The yellow line represents the relationship between gdp and institional variable, keeping the effects of lattitude constant. We see that the slope is now smaller, indicating some of the effect that we placed on the institutional index actually comes from
Since we have dummy variables for Africa and Asia, the yellow line represents the regression line for "other" areas.
The purple line represents the addition of the (negative) coefficient on the Africa dummy. The fact that this line is parallel to the yellow line is an assumption in the model.
If we put in an interaction effect with the institutional variable we could also allow for the slope to be different if we believe that this is likely.
An important part of a regression model is of course also to estimate the uncertainty in both the model $\sigma^2$ and in the coefficient estimates (the standard errors (SE))
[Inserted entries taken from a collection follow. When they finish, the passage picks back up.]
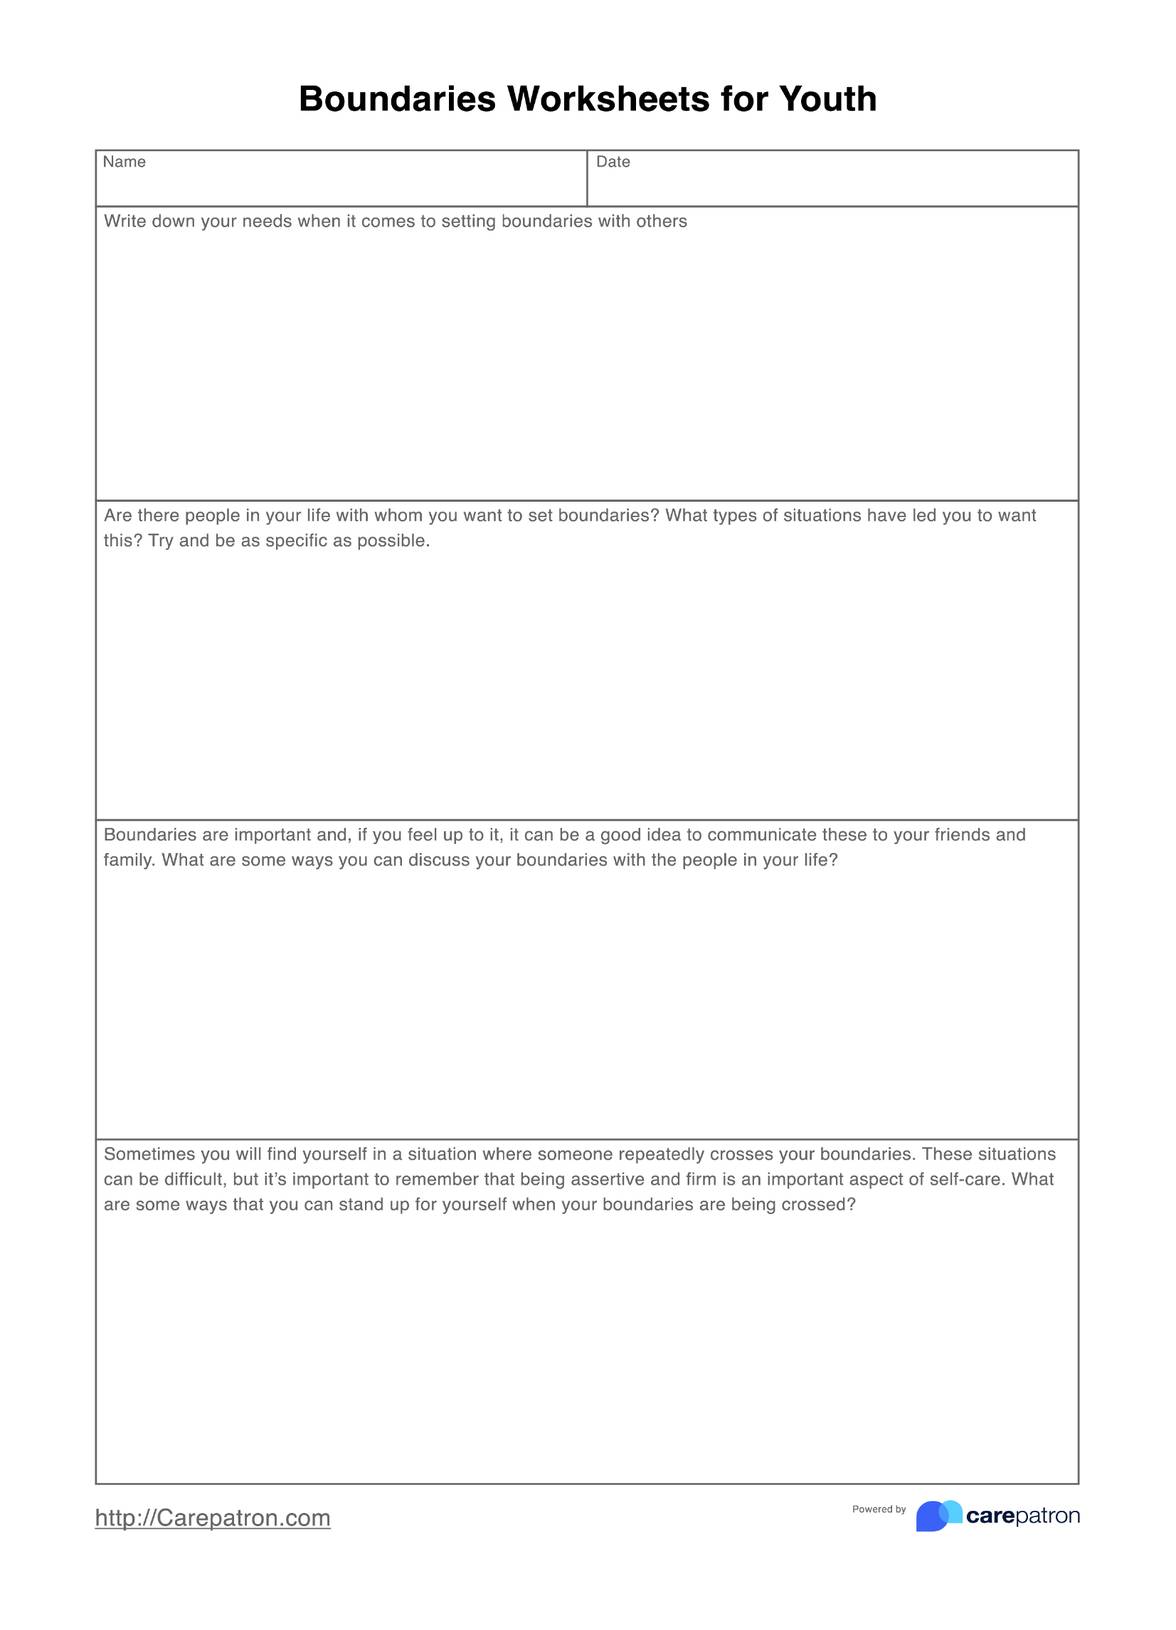 Boundaries Worksheets For Youth PDF Example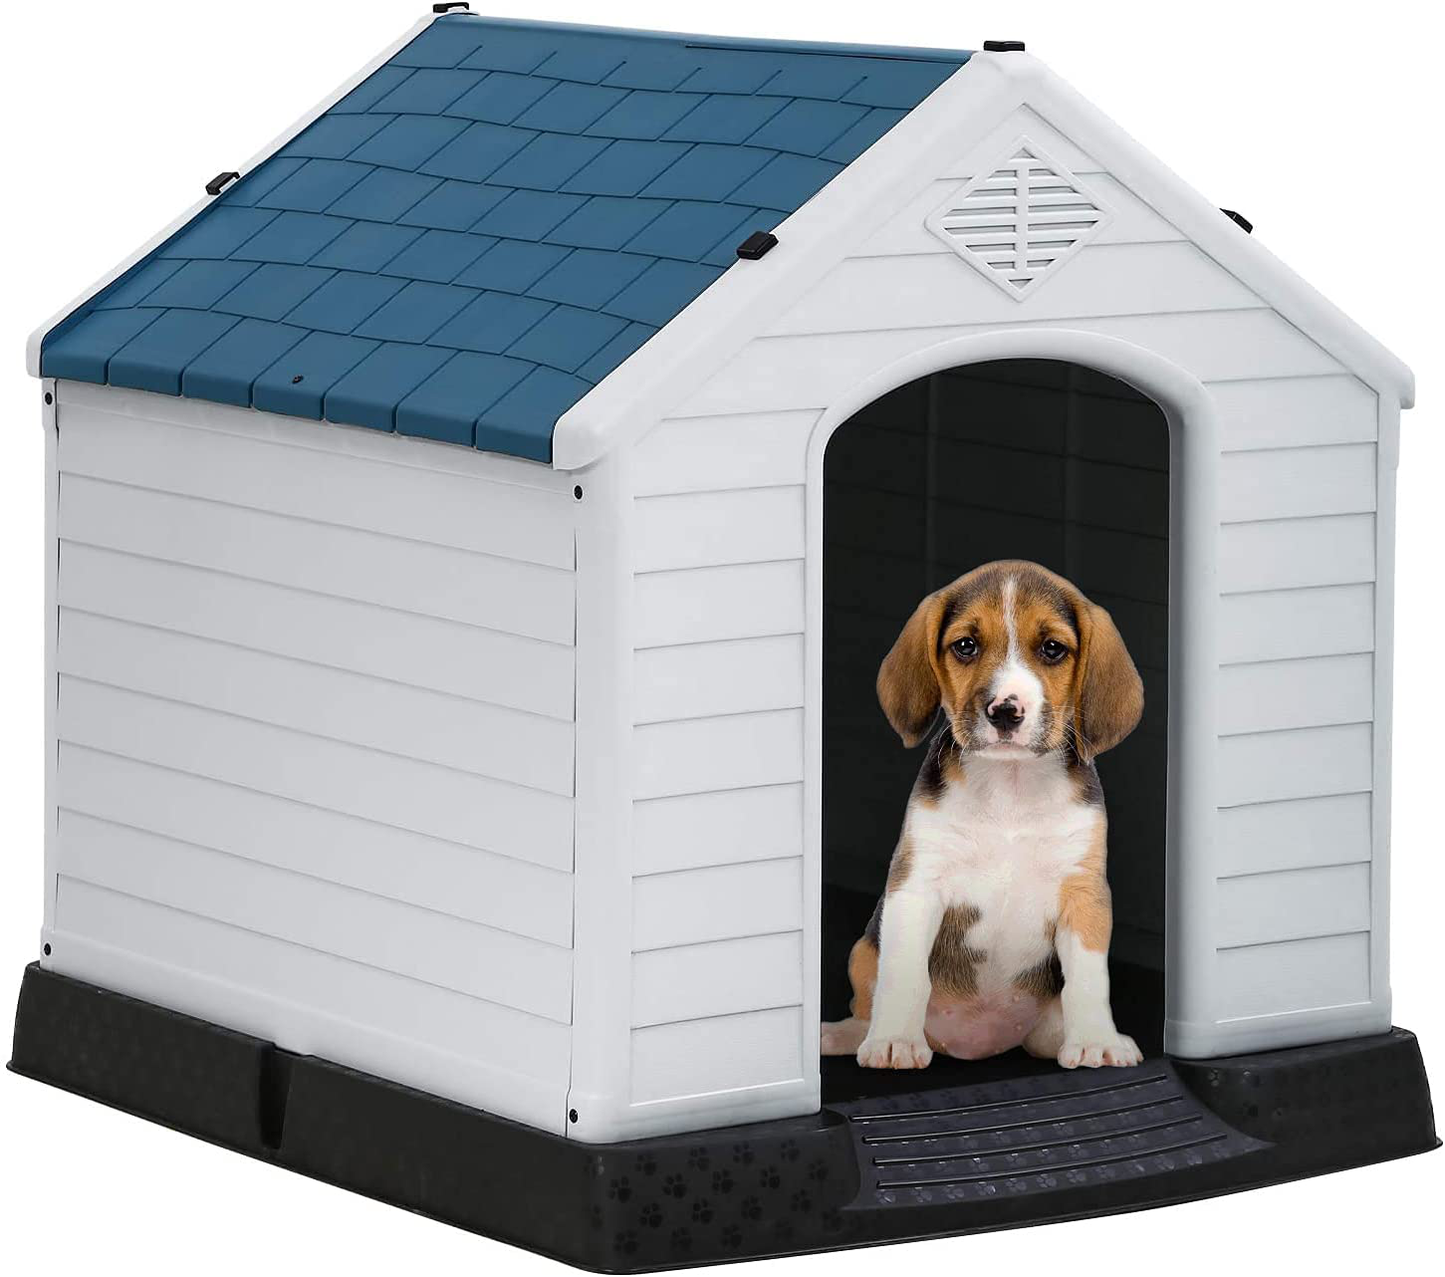 Bestpet Large Dog House Insulated Kennel Durable Plastic Dog House for Small Medium Large Dogs Indoor Outdoor Weather & Water Resistant Pet Crate with Air Vents and Elevated Floor Animals & Pet Supplies > Pet Supplies > Dog Supplies > Dog Houses BestPet 41Lx37Wx39H  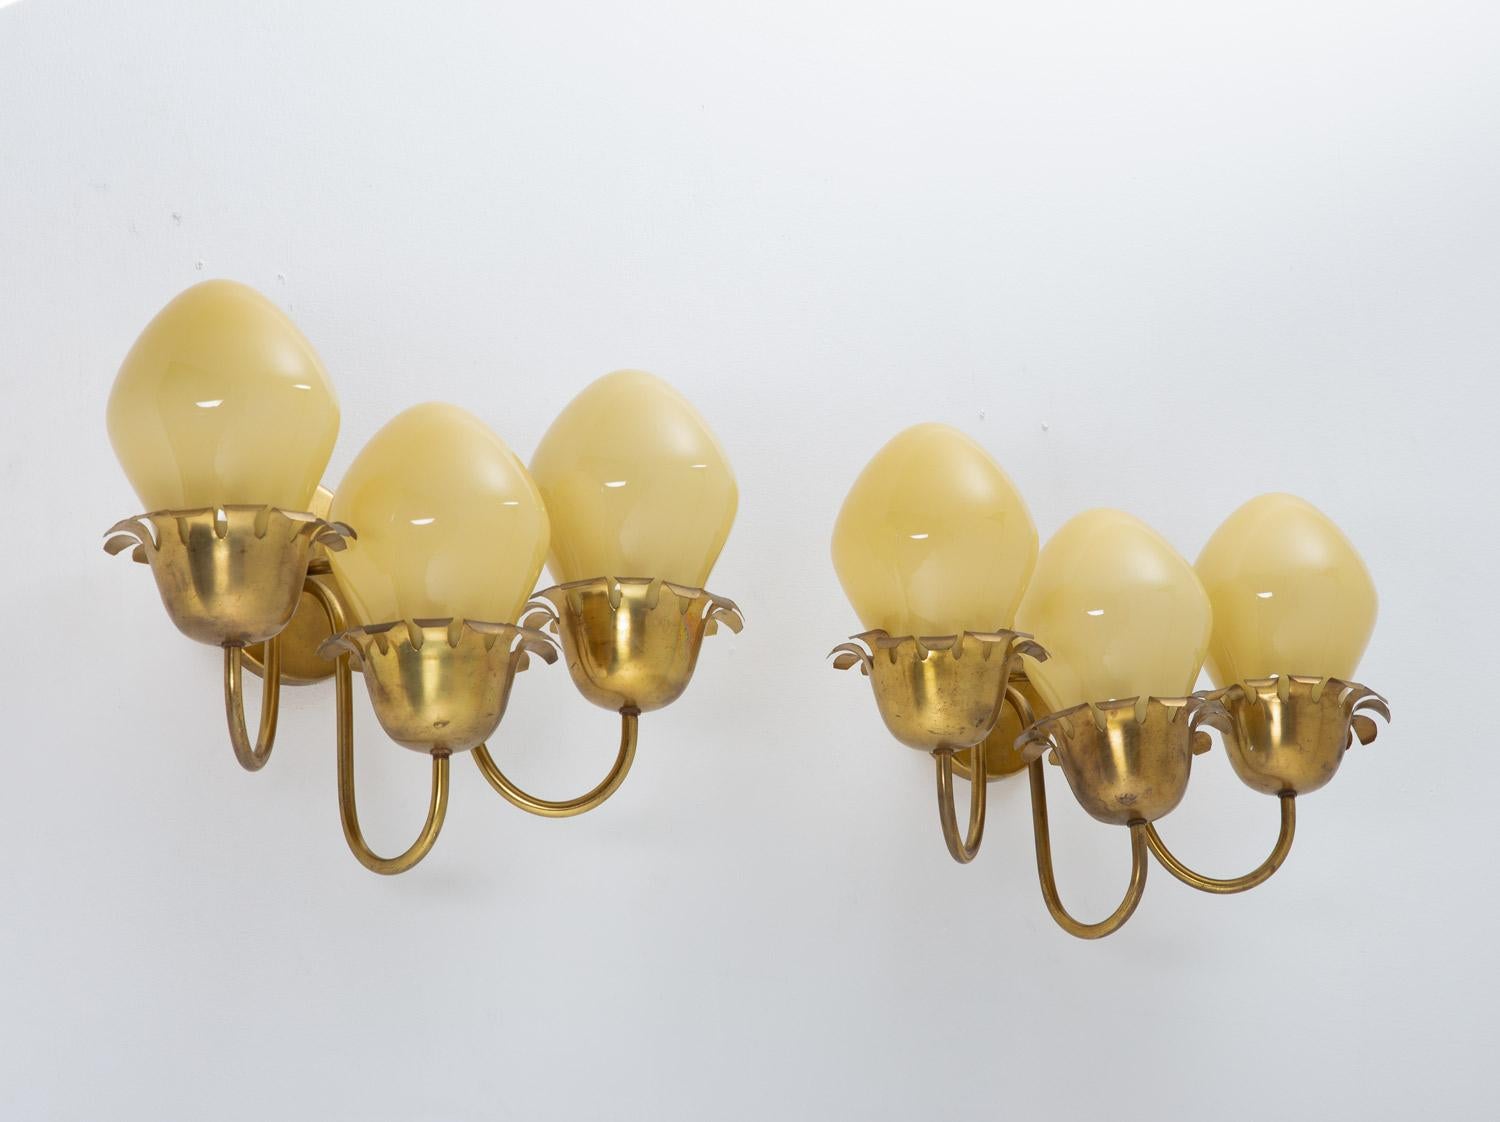 Rare wall sconces by unknown manufacturer, most likely produced in Sweden, circa 1940.
These lamps feature three light sources, hidden by a large yellow-white glass shade. The shade is held by a polished brass frame with beautiful details, typical

If we use the assumption that our variance is constant in our data ("homoskedasticity"), then we can calculate our covariance-variance matrix as below:
$$E((\hat{\beta}-\beta)(\hat{\beta}-\beta) | \mathbf{X}) = \sigma^2 (X^TX)^{-1}$$Using matrix algebra, show how if we only have one exogenous regressor, how you write the formula for the standard error of $\beta_0$ and $\beta_1$ in summation format.
First we need an estimate of our $\sigma^2$, which we get by taking the variance of our residuals
fitted = np.dot(X,betas)
resid = y-fitted
sigmasq_hat = np.var(resid)
sigmasq_hat
0.3731718257041534
To get the individual standard errors, we would then look at the diagnol of this matrix
Then we are ready to estimate our variance-covariance matrix
vcov = sigmasq_hat*np.linalg.inv(np.dot(X.T,X))
vcov
array([[ 0.10959253, -0.01437491, 0.03069742, -0.01341976, -0.02785089], [-0.01437491, 0.00241174, -0.01270975, 0.00024173, 0.00180609], [ 0.03069742, -0.01270975, 0.18828835, 0.01165603, 0.01716112], [-0.01341976, 0.00024173, 0.01165603, 0.02239995, 0.01020106], [-0.02785089, 0.00180609, 0.01716112, 0.01020106, 0.02605804]])
np.sqrt(np.diag(vcov))
array([0.33104763, 0.04910942, 0.43392205, 0.14966614, 0.16142502])
For reference, here are our estimated betas
betas
array([ 5.84003086, 0.39413419, 0.31198749, -0.16974205, -0.92969933])
Recalling our statistics courses, we could then construct a rough 95 \% confidence interval for our estimate on the institutional parameter of our regression we would get:
$$CI_{95}= .39 +/- 2*.049$$The above estimated variance-covariance matrix is only valid under some strict assumptions, including that we have constant variance. Looking at our data, this may not be the case. One way of dealing with such heteroskedasticity, or non-constant variance, is to adjust our standard error with what is called a White "Sandwich" Estimator:
$$E((\hat{\beta}-\beta)(\hat{\beta}-\beta) | \mathbf{X}) =(X^TX)^{-1}((X^T \hat{\Omega} X)^{-1})(X^TX)^{-1}$$Where
$$ \hat{\Omega} = \begin{bmatrix} \hat{\epsilon_1}^2 & 0 & ... & 0 \\ 0 & \hat{\epsilon_2}^2 & ... & 0 \\ ... & ... & ... & ... \\ 0 & 0 & ... & \hat{\epsilon_n}^2 \end{bmatrix}$$(Where $\hat{\epsilon_n}$ represents the nth residual)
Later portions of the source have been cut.